Question

A bubble of air is underwater at temperature \(15^{\circ} \mathrm{C}\) and pressure \(1.5\) bar. If the bubble rises to the surface where the temperature is \(25^{\circ} \mathrm{C}\) and the pressure is \(1.0\) bar, what will happen to the volume of the bubble? (a) Volume will become greater by a factor of \(1.6\), (b) Volume will become greater by a factor of \(1.1 .\) (c) Volume will become smaller by a factor of \(0.70\) (d) Volume will become greater by a factor of \(2.5\).

Short answer

The volume of the bubble will become greater by a factor of approximately 1.6.

Step-by-step solution

Identify the Relevant Gas Law

To determine the change in volume of the bubble, we need to use the combined gas law, which is stated as \(P_1V_1/T_1 = P_2V_2/T_2\), where \(P\) is the pressure, \(V\) is the volume, and \(T\) is the absolute temperature (in Kelvin).

Convert Temperatures to Kelvin

First, convert the temperatures from Celsius to Kelvin by adding 273.15 to each temperature. The initial temperature is \(T_1 = 15 + 273.15 = 288.15 \text{K}\) and the final temperature is \(T_2 = 25 + 273.15 = 298.15 \text{K}\).

Apply the Combined Gas Law

With the known values, we input them into the combined gas law: \[(1.5 \text{bar})(V_1)/(288.15 \text{K}) = (1.0 \text{bar})(V_2)/(298.15 \text{K})\]. To find the factor by which the volume increases, we need to isolate \(V_2/V_1\).

Calculate the Volume Ratio

Rearrange the equation to solve for \(V_2/V_1\): \[V_2/V_1 = (1.5/1.0) \times (298.15/288.15)\]. By performing the calculations, we find the factor to be approximately 1.6.

Choose the Correct Answer

Since the volume ratio is approximately 1.6, this corresponds to the bubble's volume becoming greater by a factor of 1.6. Therefore, the correct choice is option (a).

Key concepts

Gas Laws

Understanding gas laws is fundamental in predicting how gases will react under various conditions of temperature, volume, and pressure.
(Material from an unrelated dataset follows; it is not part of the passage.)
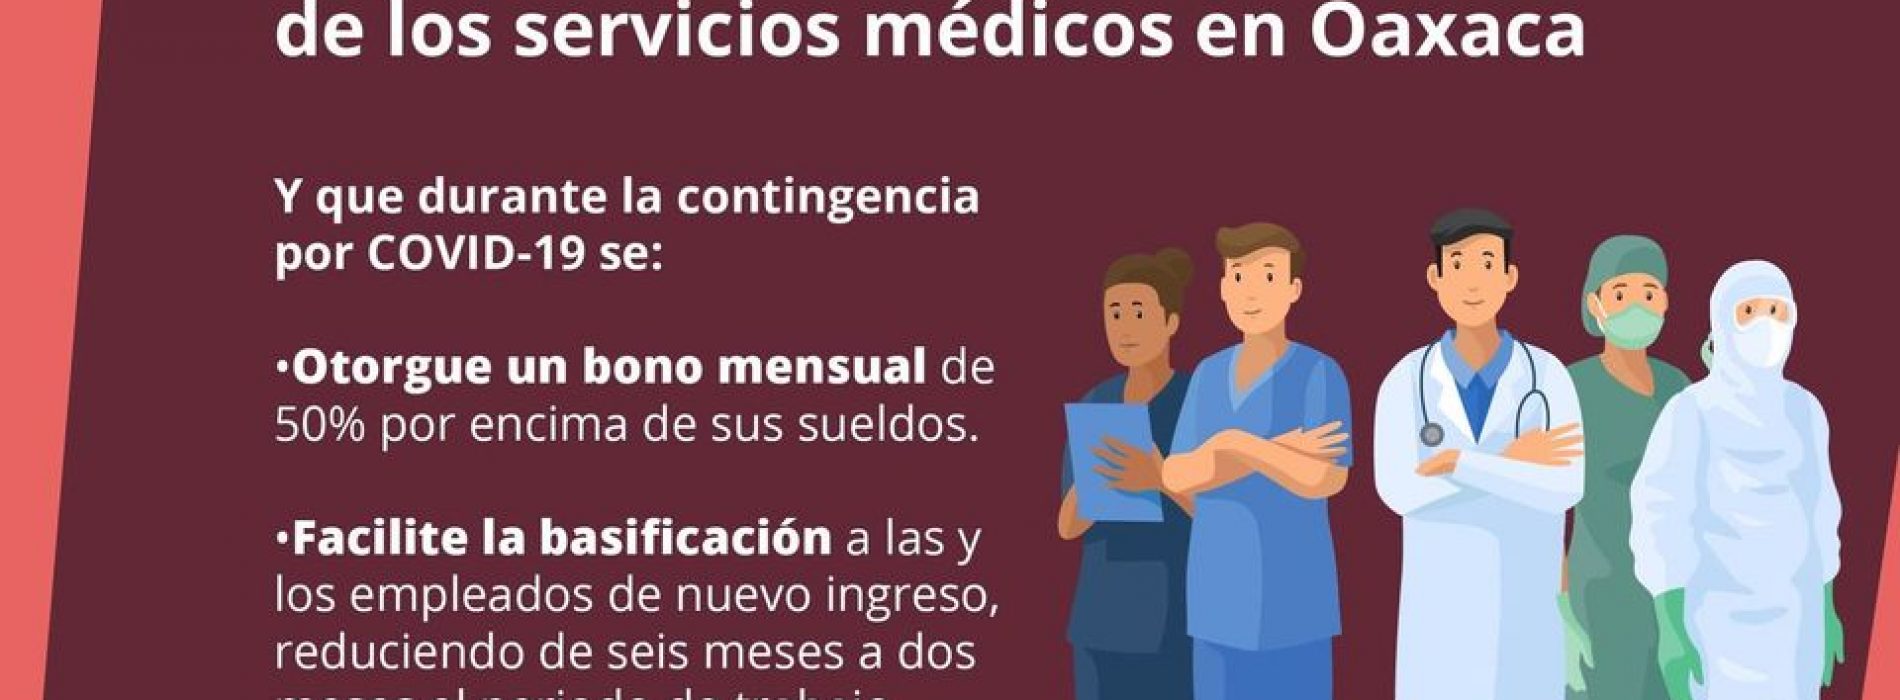 Propone Diputado Horacio Sosa basificación del personal médico en Oaxaca

The gas laws are a set of rules that describe the relationship between these three variables. Each combination of variables has its gas law, but the combined gas law brings together Charles's Law, Boyle's Law, and Gay-Lussac's Law into one comprehensive equation.

This unified equation is key to solving problems where more than one property changes, as often happens in the real world. For example, if we consider a bubble rising from underwater to the surface, not only does the pressure change due to the ascent, but there may also be a change in temperature from the depths to the warmer surface waters. Here, the combined gas law is a powerful tool that helps us understand and predict how the bubble will behave.
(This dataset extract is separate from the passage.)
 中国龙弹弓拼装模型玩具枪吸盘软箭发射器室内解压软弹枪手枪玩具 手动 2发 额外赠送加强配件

Volume and Temperature Relationship

The volume and temperature relationship in gases is described by Charles's Law, which states that, at a constant pressure, the volume of a gas is directly proportional to its absolute temperature. In simpler terms, as the temperature of a gas increases, so does its volume, provided that the pressure remains unchanged.

For example, when heating a balloon, the air inside expands and the balloon grows larger. Conversely, cooling the balloon makes the air contract and the balloon shrinks. It's vital to use the Kelvin scale for temperature here because it starts at absolute zero, meaning there are no negative temperatures, allowing for a consistent proportional relationship.

Real-Life Example

In the case of the underwater bubble, as it rises and moves into warmer water at the surface, the temperature increases. According to Charles's Law, we would expect the volume of the gas to increase accordingly if the pressure were held constant.
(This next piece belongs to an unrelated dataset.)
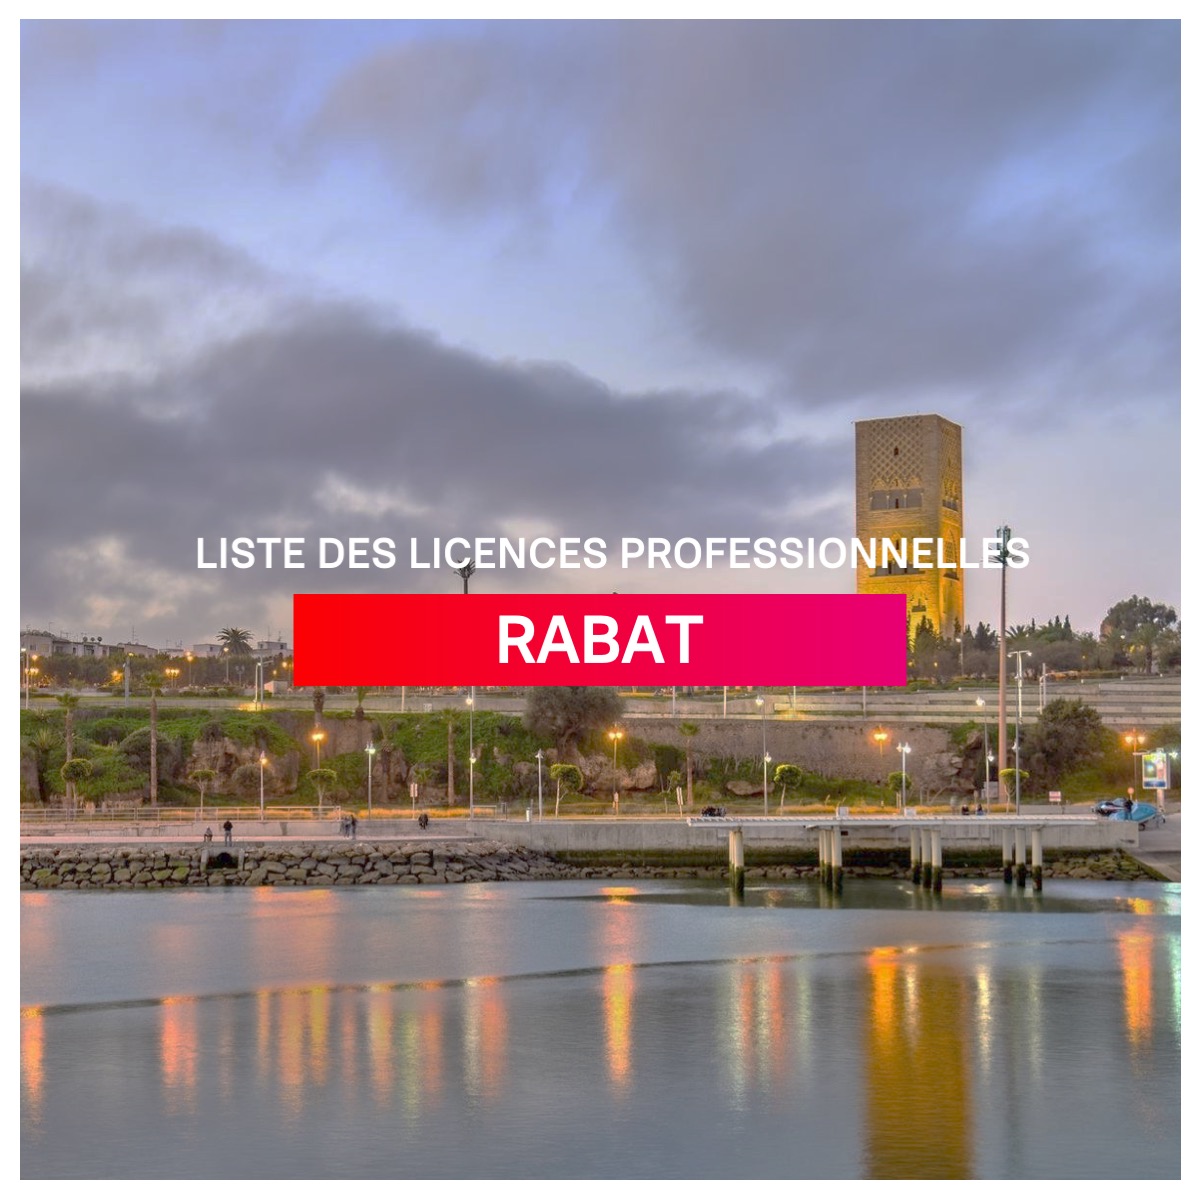 Liste des licences professionnelles a Rabat l mba.ma

Pressure and Volume Relationship

Boyle's Law eloquently states the pressure-volume relationship for gases, which is inversely proportional. This means that if the temperature is constant, an increase in the volume of the gas leads to a decrease in its pressure, and vice versa.

Imagine squeezing a closed, flexible container with a fixed quantity of gas inside; as you decrease the volume, the pressure inside the container rises. Likewise, if you expand the container, the internal pressure drops. This concept is imperative for understanding how gases will behave when confined in containers of varying sizes.

Examining Our Bubble

In our exercise, the bubble's pressure decreases as it rises to the surface. According to Boyle's Law, we would expect its volume to increase since the external water pressure exerted on the bubble is reduced. However, to precisely calculate this effect, we must consider both the temperature change and the change in pressure, which is where the combined gas law plays its pivotal role.